Data storage providers EMC announced more than 40 new products yesterday and EMC New Zealand chief technology officer Arron Patterson said their VNXe system is well suited to the local market, particularly small businesses.
This is the first EMC product aimed at firms with a small number of employees and the benefit of their product is that it delivers a high level of performance but is extremely easy to use, Patterson said.
"It's the first platform, in this end of the world, that's designed to be built and administered by an IT generalist [someone without storage expertise]," he said.
"When the user goes to it and says they want to set up a new email exchange server, with 25 users, that needs to be a terabyte in size, the machine knows which is the best way to configure it to meet that kind of workload."
Patterson denied that EMC's new on-premises products were moving against the market's demand for cloud computing, where network and data storage is managed on an external server by a third party rather than a business itself.

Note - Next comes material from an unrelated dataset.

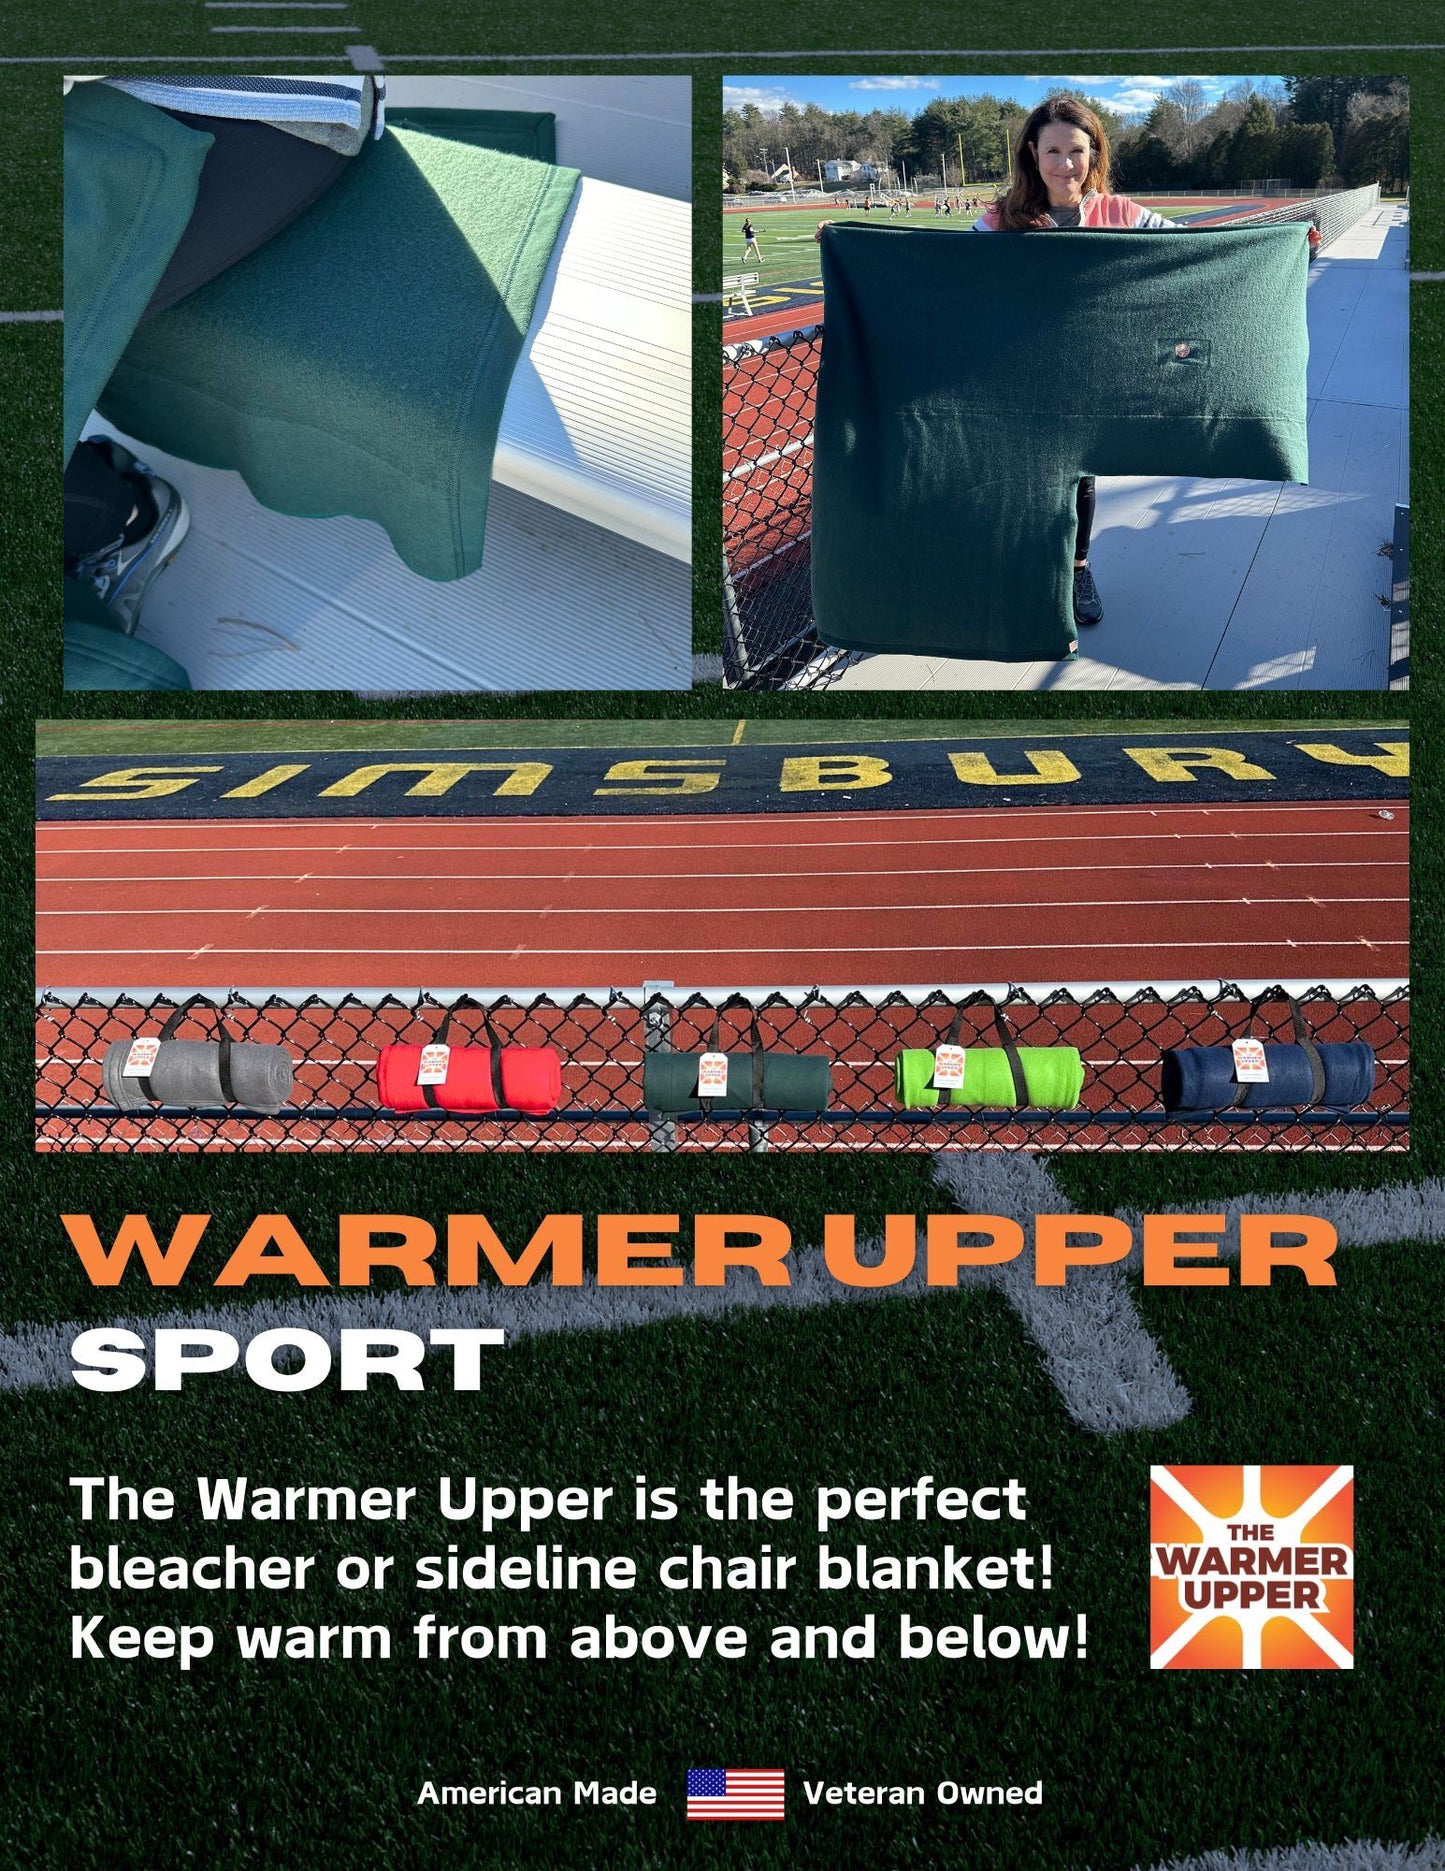 The Warmer Upper Sport

"In New Zealand we're constrained on the telecommunication side of things by bandwidth and performance, so not all workloads will work well out of a cloud to start off with.
"A lot of those issues are being solved, but for right now people tend to keep their [sensitive data] in the basket close to them and manage it in a traditional way," Patterson said.
Also included in the bundle of releases was a product for customers with high data needs such as banks and the public sector.
However EMC has no intention of vying for Government's ICT contracts now at tender.
Patterson said EMC was staying away from the tender to avoid stepping on the toes of their local partners.
"We don't see it as an area where we want to compete with our partners and try to deal directly with the Government," he said.